The 2nd option since you have multiple workers you have no way to retain ordering of the messages since workers will go at different rates and retries can happen in any order – it will be much faster though.

I can envision a 3rd option where I have multiple workers replicating data into a temporary store where on the other side I inject them into the queue in order but this seems super prone to failure, so I only support these 2 methods for now.

Limiting the rate of replication


There is one last concern in this scenario, I might have 10s of data centres all with 10s of thousands of nodes. At the DC level I can handle the rate of messages but at the central location where I might have 10s of DCs x 10s of thousands of machines if I had to replicate ALL the data at near real time speed I would overwhelm the central repository pretty quickly.

Now in the case of machine metadata you probably want the first piece of metadata immediately but from then on it’ll be a lot of duplicated data with only small deltas over time. You could be clever and only publish deltas but you have the problem then that should a delta publish go missing you end up with a inconsistent state – this is something that will happen in distributed systems.

So instead I let the replicator inspect your JSON, if your JSON has something like fqdn in it, it can look at that and track it and only publish data for any single matching sender every 1 hour – or whatever you configure.

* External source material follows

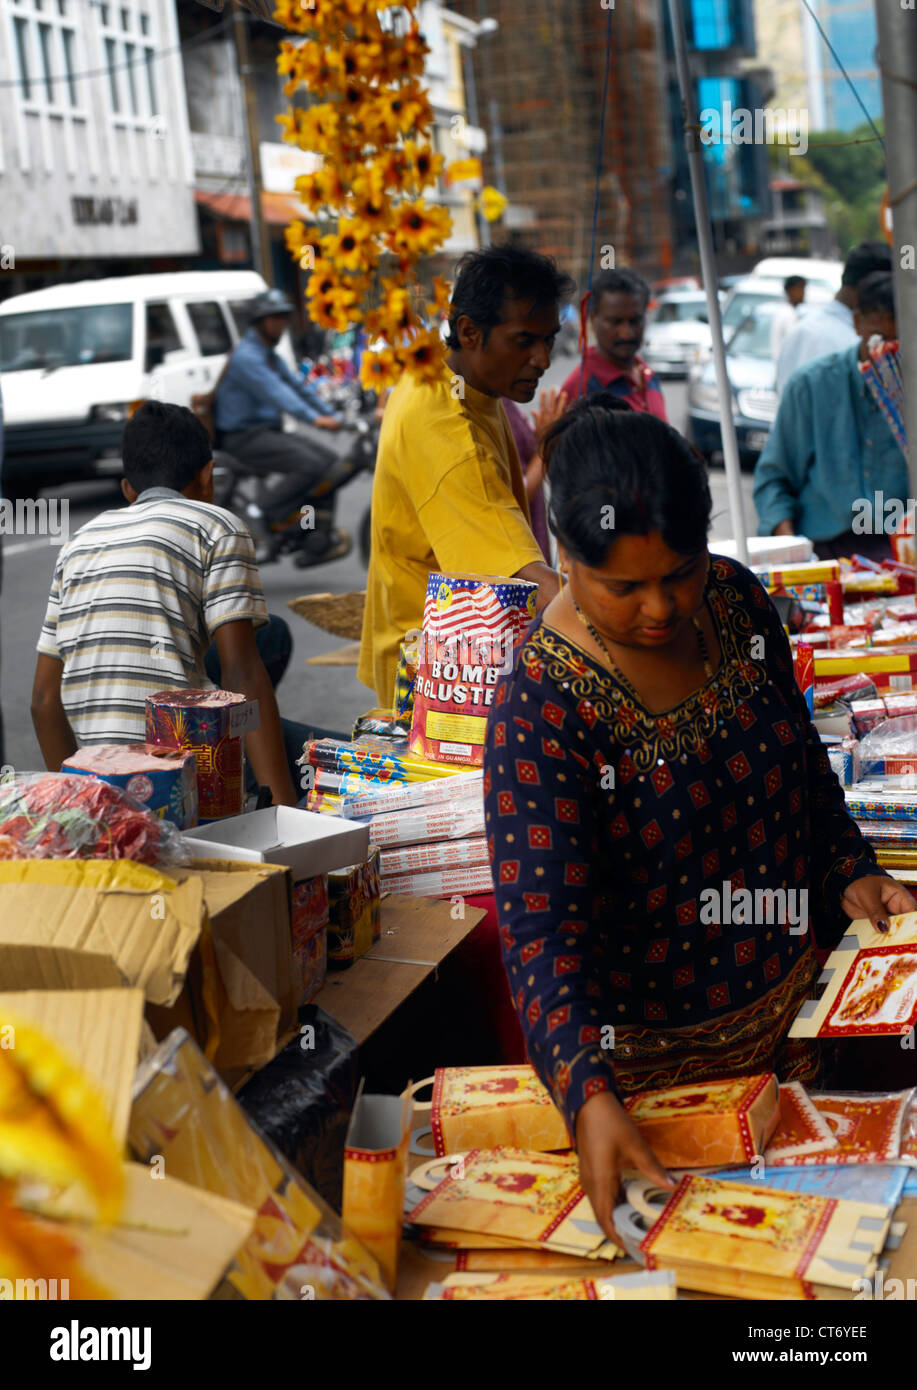 Port Louis Mauritius Diwali Market Stall Selling Fireworks and Cards Stock Photo

This has the effect that this kind of highly duplicated data is handled continuously in the edge but that it only gets a snapshot replication upwards once a hour for any given node. This solves the problem neatly for me without there being any risks to deltas being lost, it’s also a lot simpler to implement.

Choria Stream Replicator


So finally I present the Choria Stream Replicator. It does all that was described above with a YAML configuration file, something like this:
debug: false                     # default
verbose: false                   # default
logfile: "/path/to/logfile"      # STDOUT default
state_dir: "/path/to/statedir"   # optional
topics:
    cmdb:
        topic: acme.cmdb
        source_url: nats://source1:4222,nats://source2:4222
        source_cluster_id: dc1
        target_url: nats://target1:4222,nats://target2:4222
        target_cluster_id: dc2
        workers: 10              # optional
        queued: true             # optional
        queue_group: cmdb        # optional
        inspect: host            # optional
        age: 1h                  # optional
        monitor: 10000           # optional
        name: cmdb_replicator    # optional

Please review the README document for full configuration details.

I’ve been running this in a test DC with 1k nodes for a week or so and I am really happy with the results, but be aware this is new software so due care should be given. It’s available as RPMs, has a Puppet module, and I’ll upload some binaries on the next release.